The next clinical question was what dosage regimen to give next to keep him in the RSR that had once again been achieved. His previous maintenance dose of 0.25 mg/day was again given, as it was not clear whether his requirements for digoxin had really changed or not. However, he excreted his extra digoxin, and went back into AF within two days on that maintenance regimen, as it did not in fact maintain the peripheral compartment concentration at the value associated with successful conversion for him. At this point a serum digoxin sample was taken 11 hours and 15 minutes after the last dose. It was 1.0 ng/ml, and the patient was in AF at that time. The patient was again titrated with extra IV digoxin. He again converted to RSR, this time after only two IV doses of 0.25 mg given three hours apart. A serum sample was obtained 14 hours 20 minutes after the second of the above two doses, when he was in RSR. The concentration, surprisingly, was exactly the same – 1.0 ng/ml.

The important clinical question is - how can someone be in AF at one time and in RSR at another time and have exactly the same serum concentration? It is strongly felt by many cardiologists that serum digoxin concentrations do not correlate at all well with clinical behavior. The patient described here is a striking example of this.

Clinical Interpretation and Management

Two related questions are worth asking. First, was the patient in a true steady state each time before each serum sample was taken?
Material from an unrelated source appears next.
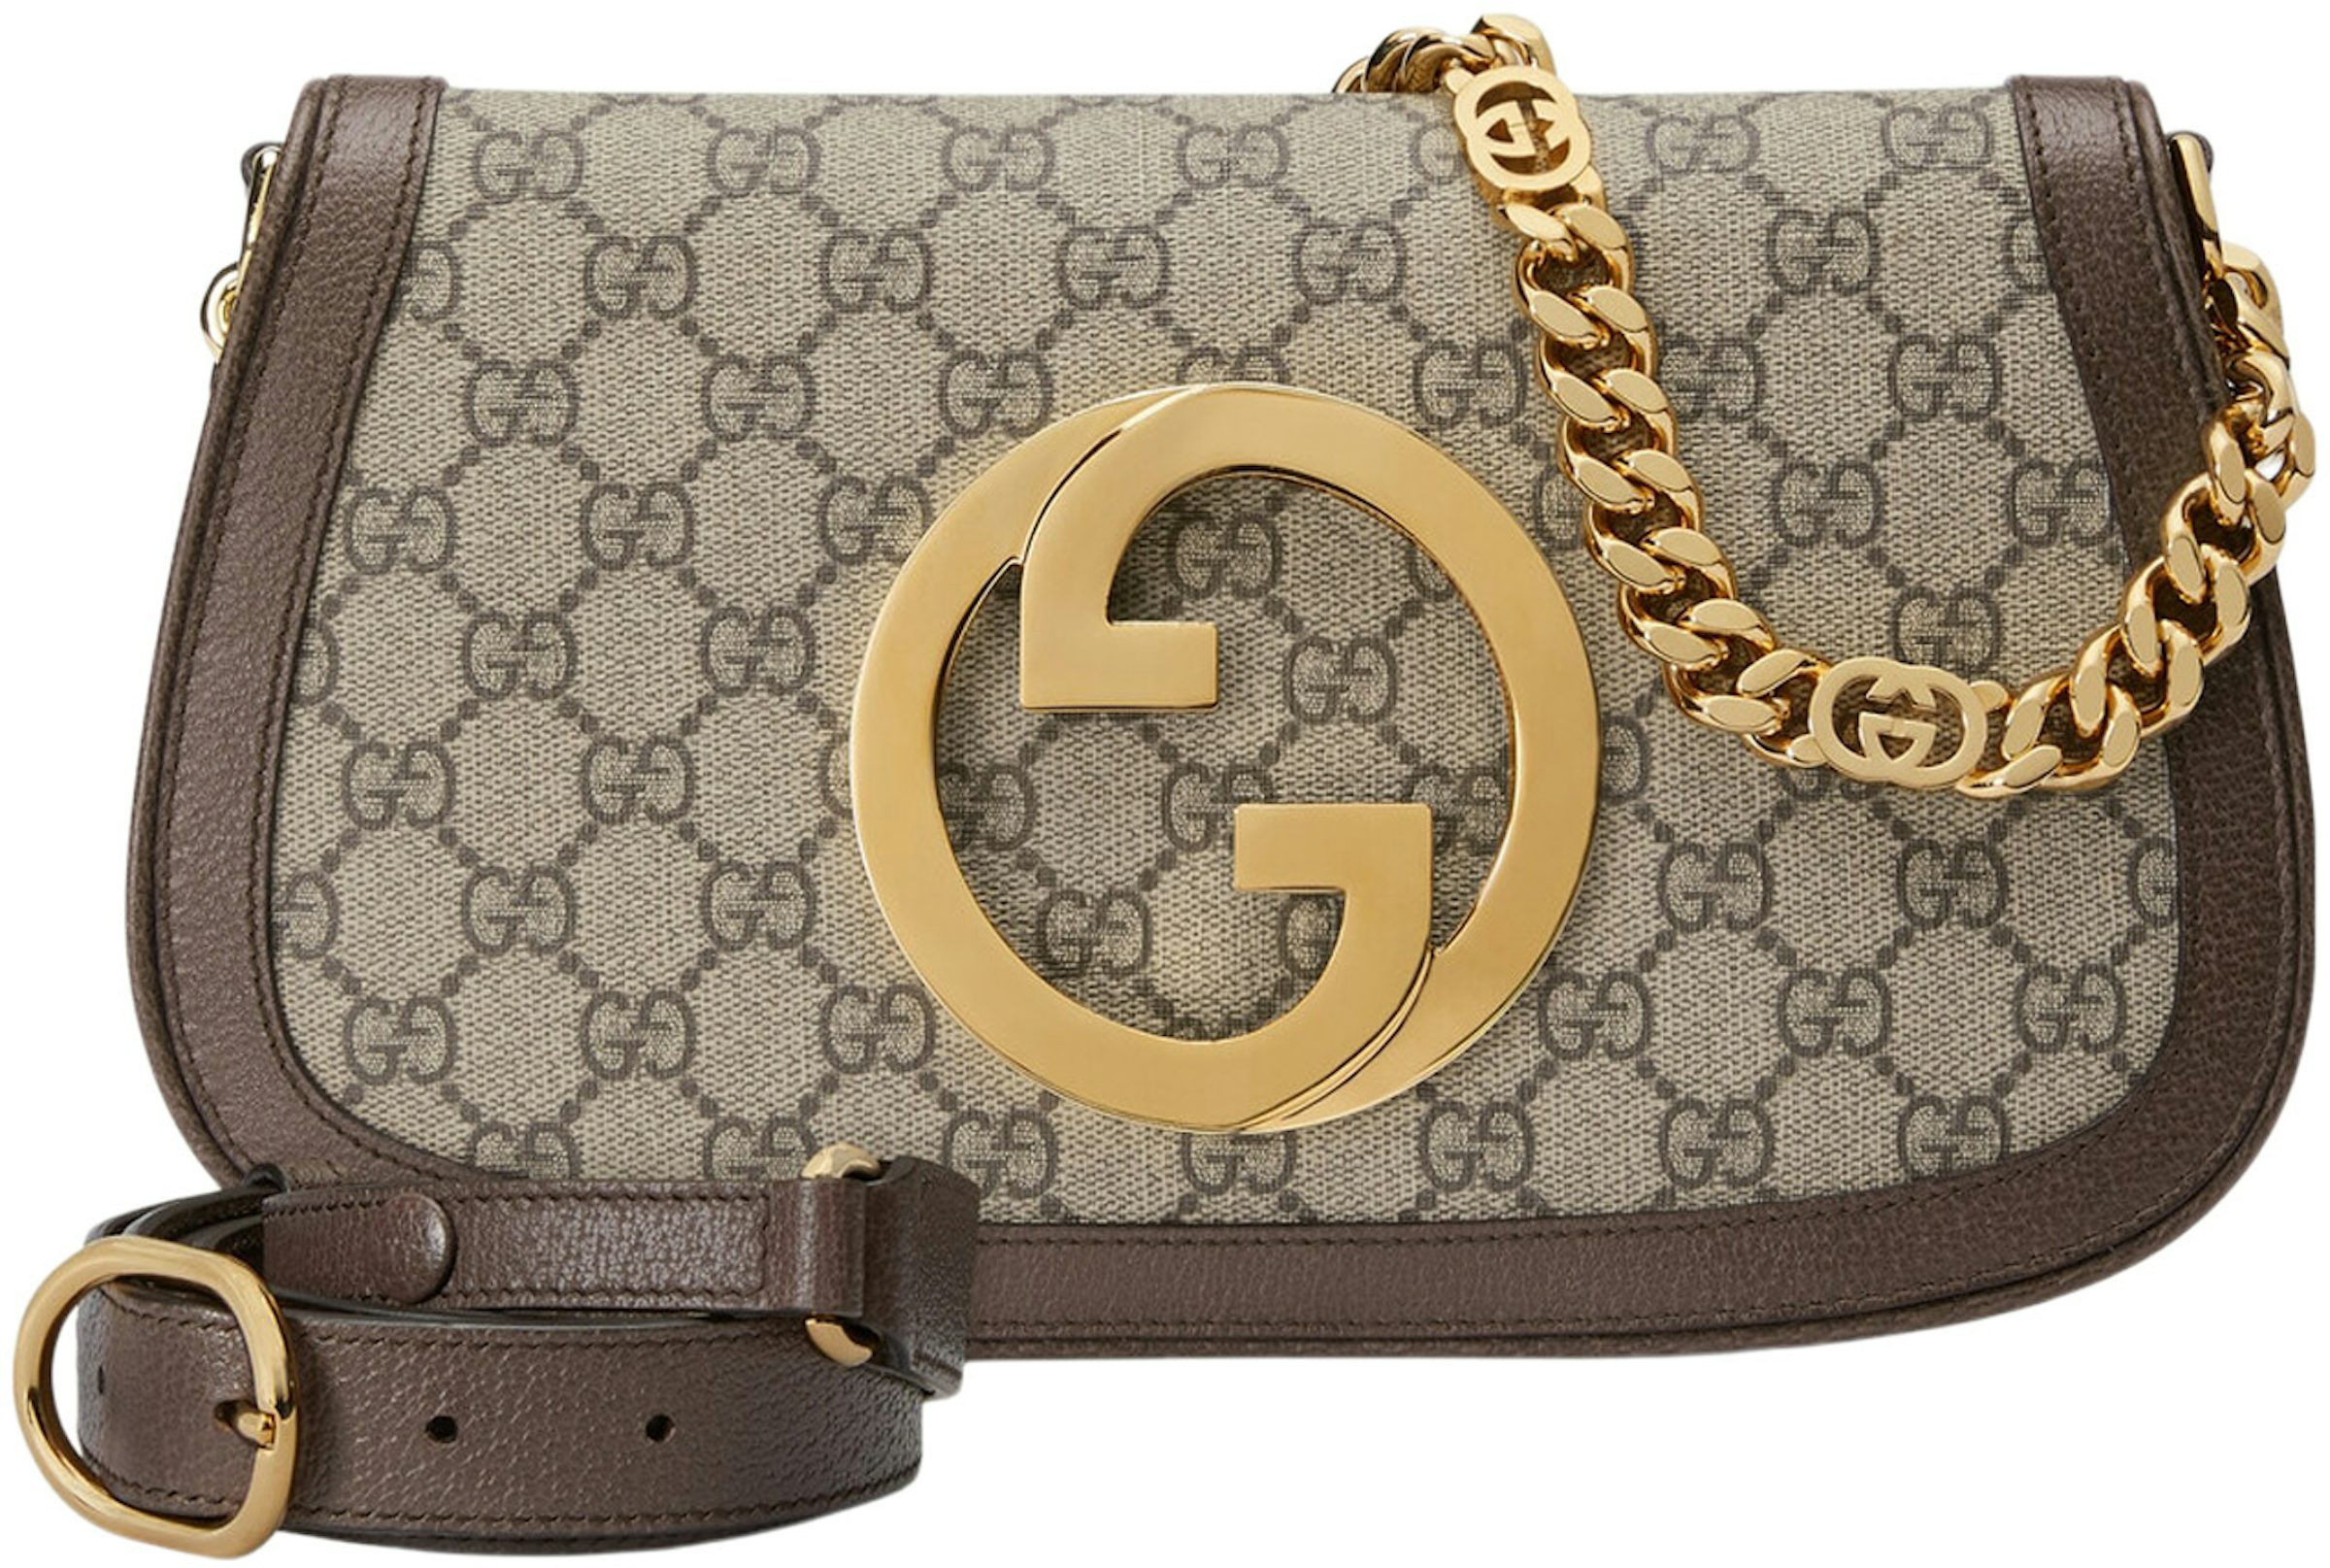 Gucci Attache medium shoulder bag in beige and ebony Supreme

The answer is clearly no. At the time of the first sample (1.0 ng/ml), he had just slipped back into AF. At the second, (also 1.0 ng/ml) he had just received the extra digoxin doses and had just converted back to RSR. The same for the third sample, which was 1.2 ng/ml. So he was not at all in the usual steady state to permit the conventional interpretation of the relationship between trough serum digoxin concentrations and clinical behavior. Second, were the serum samples taken at the same time after the dose? Again, no.
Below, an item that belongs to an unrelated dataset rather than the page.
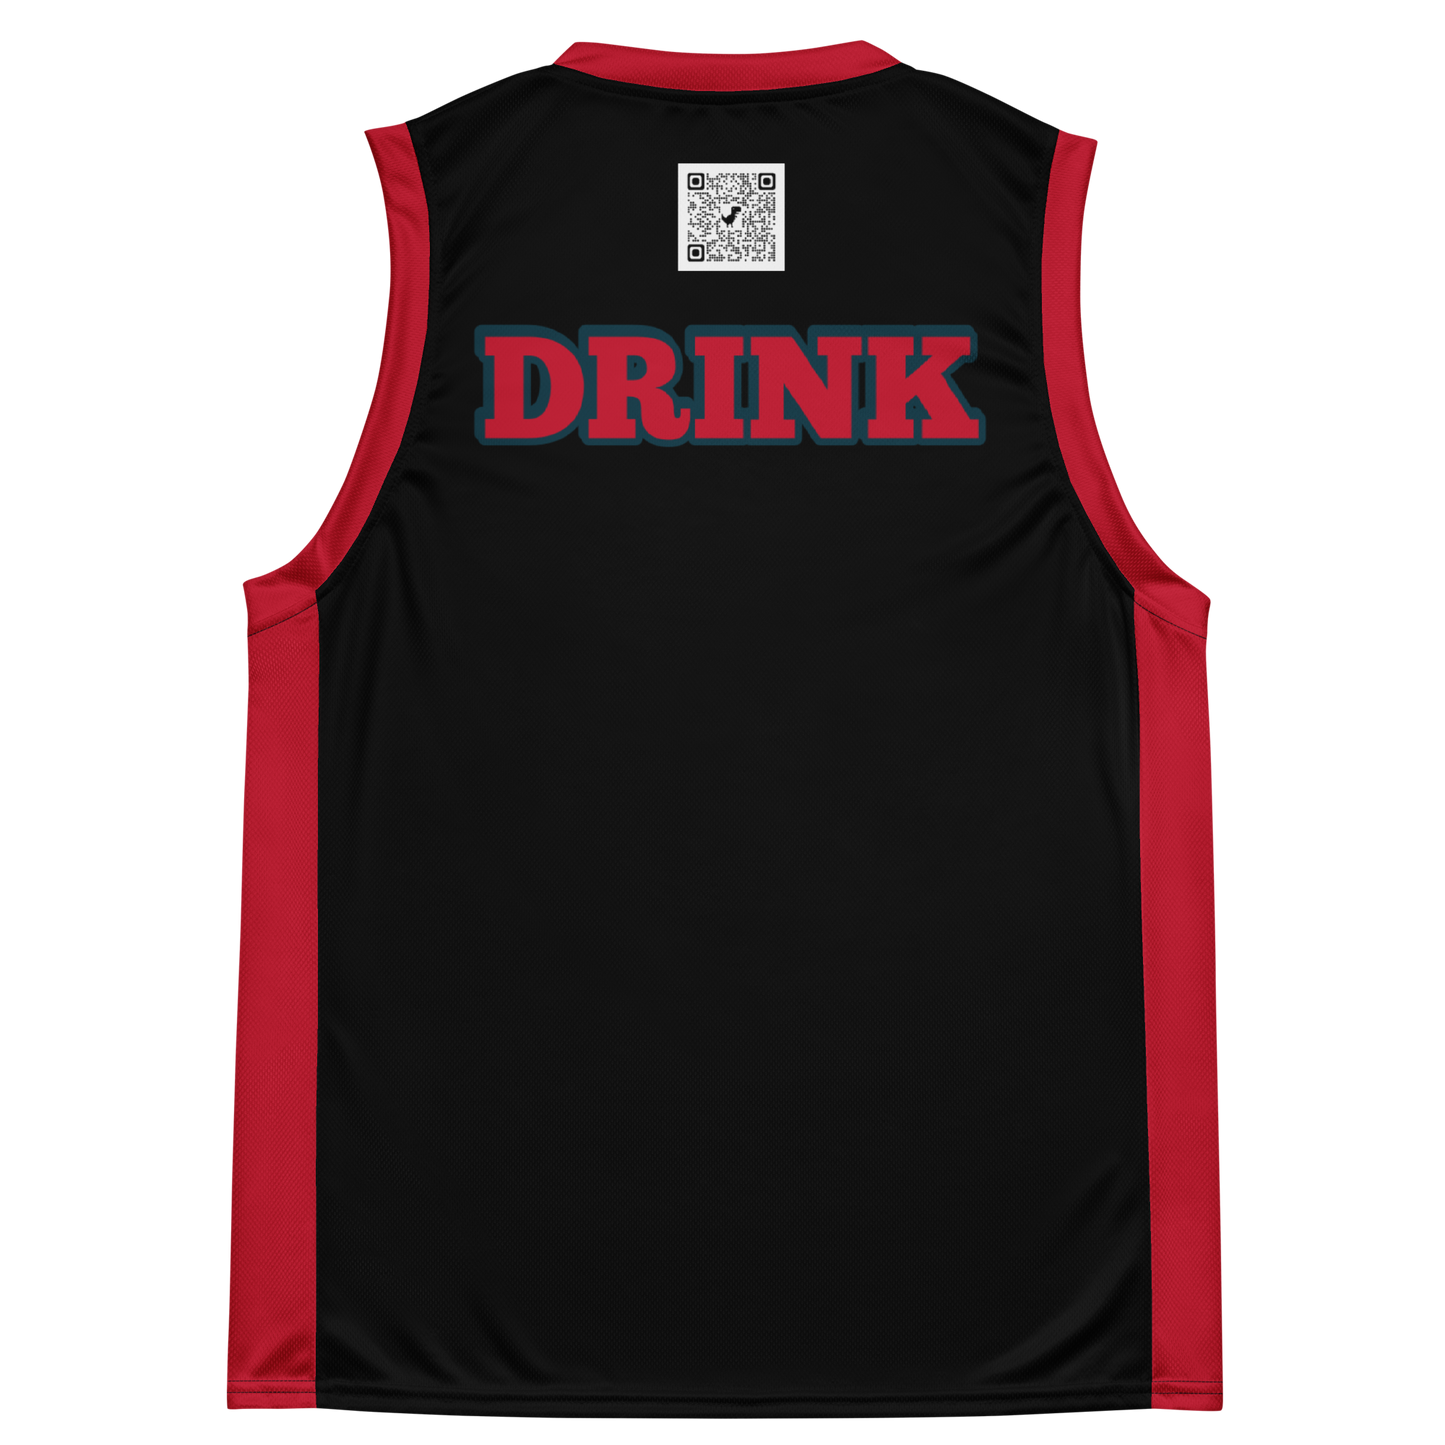 Team DRINK Basketball Jersey

The clinical problem once again was what dosage regimen to decide upon in order to maintain the patient in RSR. After his second conversion to RSR, he was again put back on the same regimen of 0.25 mg/day. After three days, the patient again reverted back to AF. At that time he had only 7.0 ug/kg in his peripheral compartment. He was again titrated with five doses of 0.25 mg of IV digoxin over the next 36 hours. He again converted, for a third time, to RSR. At that time he had 12.7 ug/kg in his peripheral compartment after the pharmacokinetic analysis. There was no clinical evidence of toxicity. A serum sample drawn 14 hours 45 minutes after the fourth of those doses was 1.2 ng/ml, and he was in RSR. There was clearly no correlation between the raw data of the measured serum concentrations and the patient's clinical behavior. He was in AF with a concentration of 1.0, and in RSR with concentrations of 1.0 and 1.2 ng/ml. It was at this time that the telephone consultation with us was done.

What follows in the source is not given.